Before the latest release of DelayDiffEq it was not possible to use nothing as constant delays (hence, as in our test example, one had to use an empty vector []). However, there is still a check missing in the current version which causes the issue you see. So until this problem is fixed, the easiest solution is to just use [] instead of nothing, i.e. try

prob = DDEProblem(rossler, h1, u0, tspan, [], d_lags)

instead of

prob = DDEProblem(rossler, h1, u0, tspan, nothing, d_lags)
ChrisRackauckas commented 6 years ago

@devmotion I pushed a change last night so nothing should work, and ran those examples? But yes, it's a small syntactic difference and [] works in place of nothing.

devmotion commented 6 years ago

Strange, I updated to the newest version and got the same error because of https://github.com/JuliaDiffEq/DelayDiffEq.jl/blob/master/src/integrator_utils.jl#L359. But a simple test if !(typeof(constant_lags) <: Void) could fix it.

ChrisRackauckas commented 6 years ago

huh, wonder why it was working for me without that. I added a constant_lags != nothing (note that lowers to the same thing at compile-time since it's a singleton type).

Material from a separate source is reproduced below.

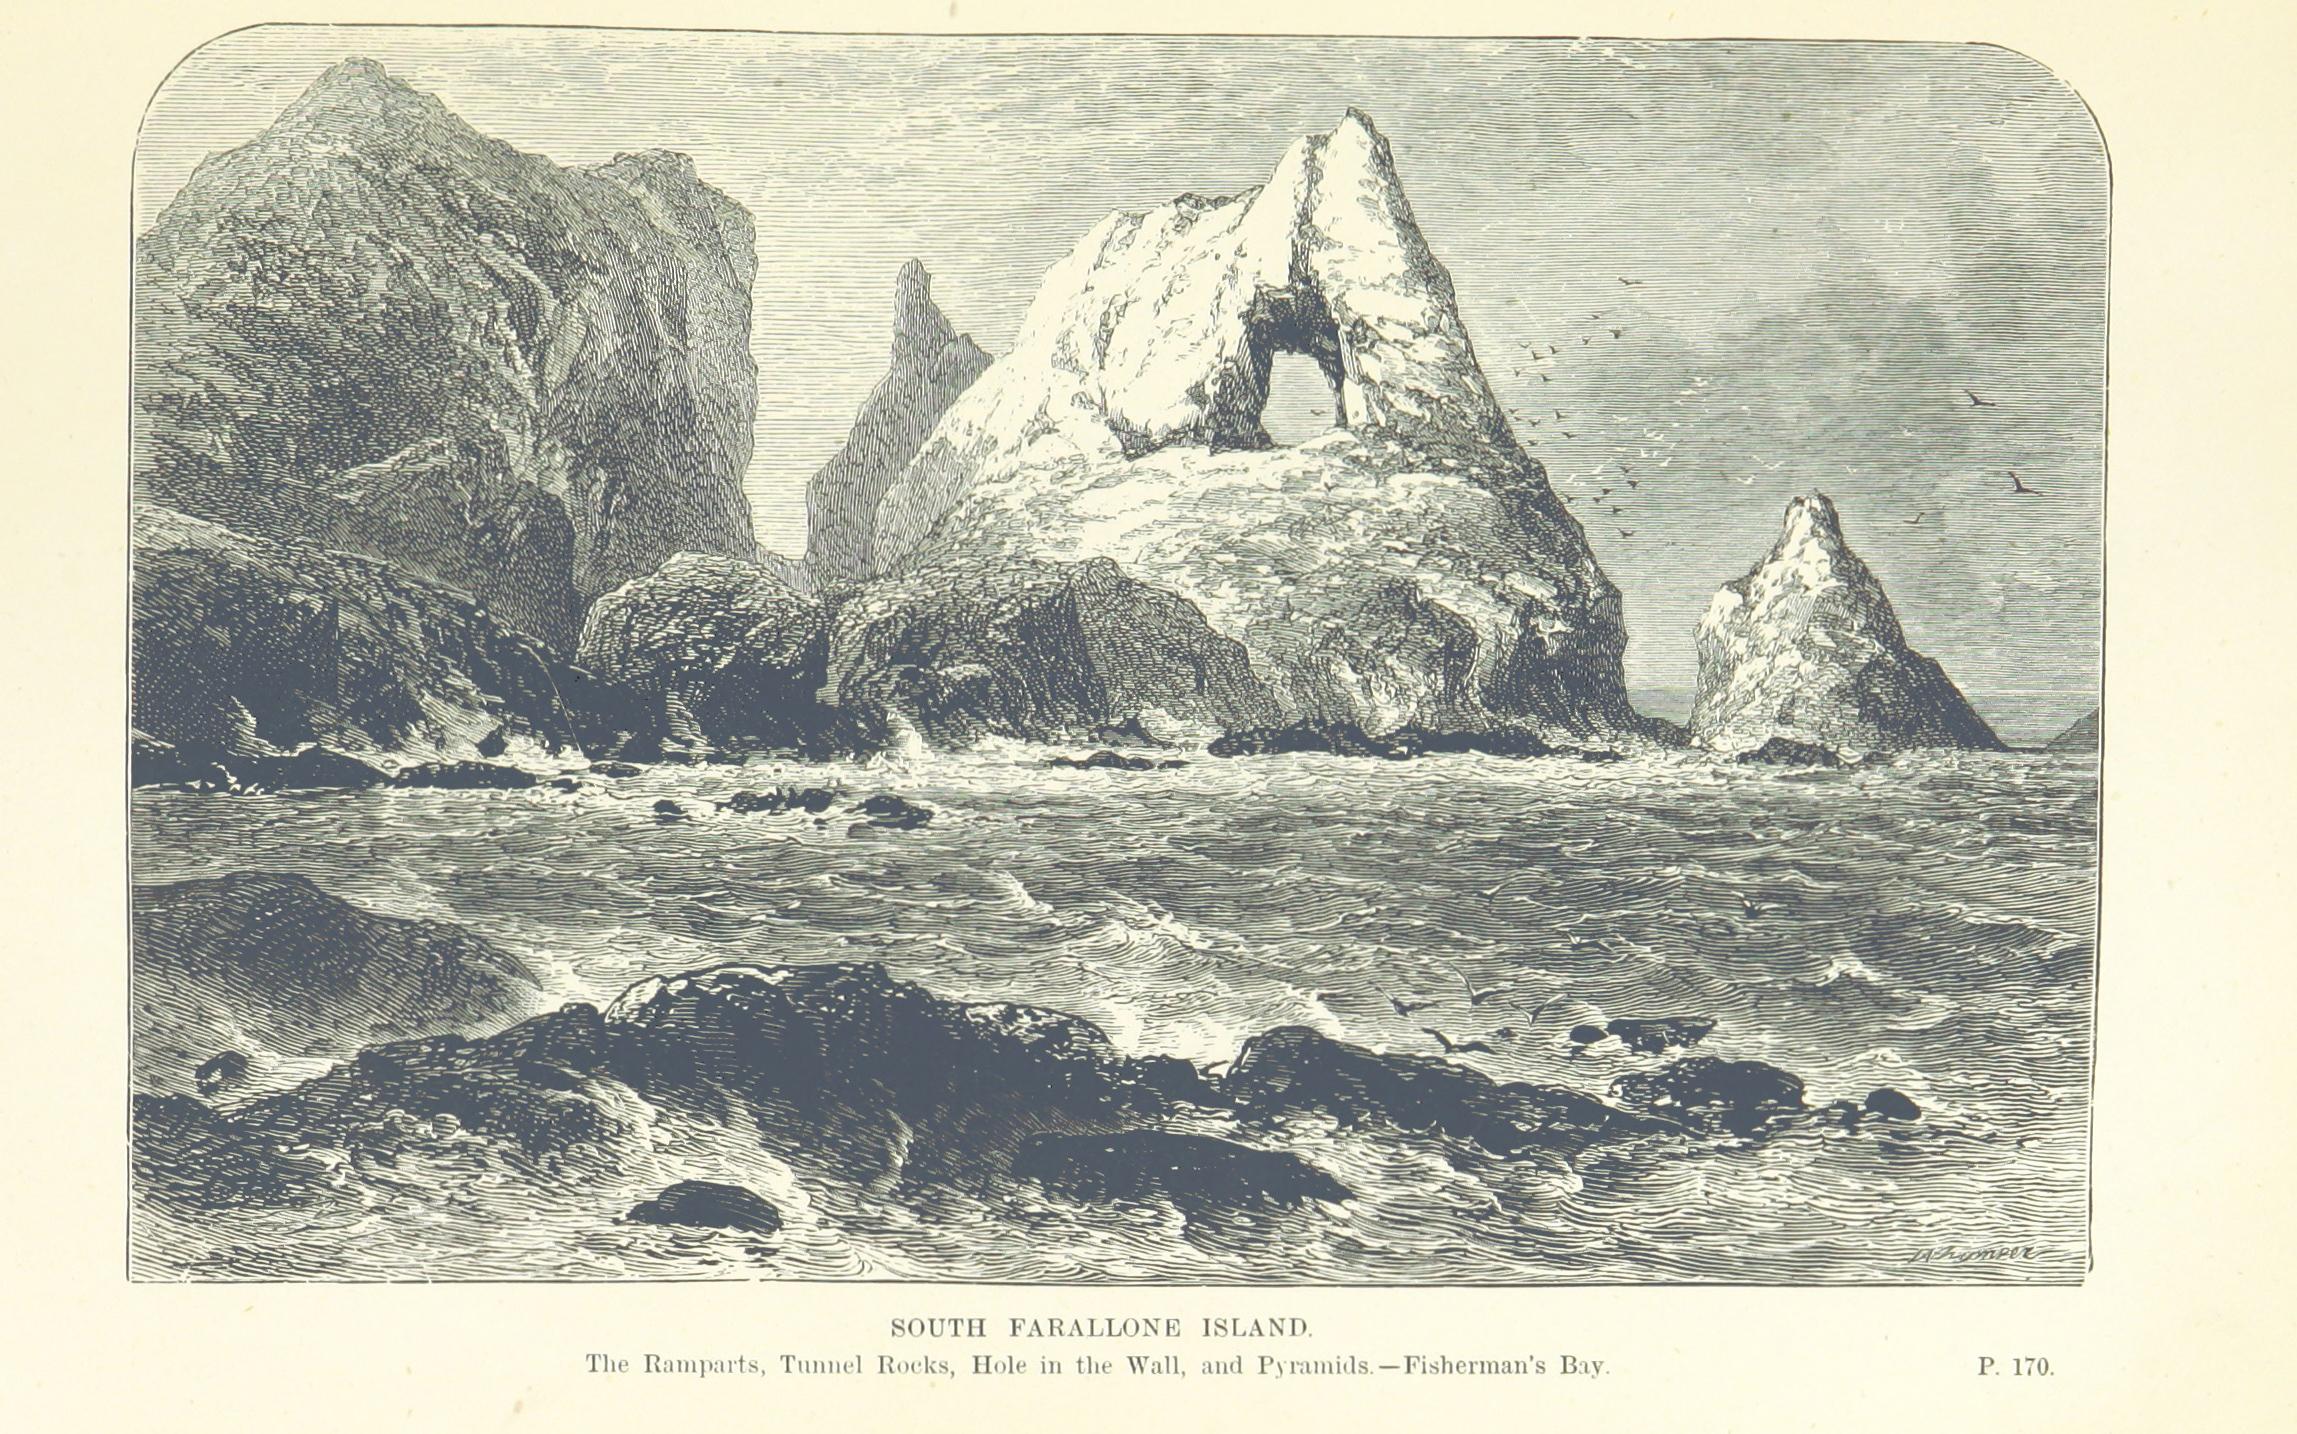 The South Farallon Island

ChrisRackauckas commented 6 years ago

Alright, the tag is going through now for the constant_lags is nothing fix.

https://github.com/JuliaLang/METADATA.jl/pull/11840

In the meantime, is that equation with that delay supposed to give a stable equation? I don't think it does, because I can solve it with high accuracy and it always hits a snag at the same point:

using Plots
using DelayDiffEq
plotly()

tau1(t,u) = 1
# tau1(t,u) = 0.2 * sin(t) ^ 2
function rossler(t, u, h, du)
    du[1] = -u[2] - u[3] + 0.3 * h(t - tau1(t,u))[1]
    du[2] = u[1] + 0.2* u[2]
    du[3] = 0.2 - 5.7 * u[3] + u[1] * u[2]
end

u0 = [1.2;1.2;1.2]
d_lags = (tau1, )
h1(t) = zeros(3)
tspan = (0.0,100.0)

# delay tracking version
prob = DDEProblem(rossler, h1, u0, tspan, nothing, d_lags)
alg = MethodOfSteps(Tsit5())
sol = solve(prob,alg,abstol=1e-8,reltol=1e-8)

plot(sol,plotdensity=10000,tspan=(0.0,30.0))

Where is the test equation coming from?

frostRed commented 6 years ago

I made a mistake in entering the equation. It should be du[3] = 0.2 - 5.7 * u[3] + u[1] * u[3].

By the way, about the equation you can see rossler attractor. This equation is time-varying delay rossler attractor.

Thank you very much.

ChrisRackauckas commented 6 years ago

Cool thanks for the report and the example. Glad to help. Let us know if you have any other problems!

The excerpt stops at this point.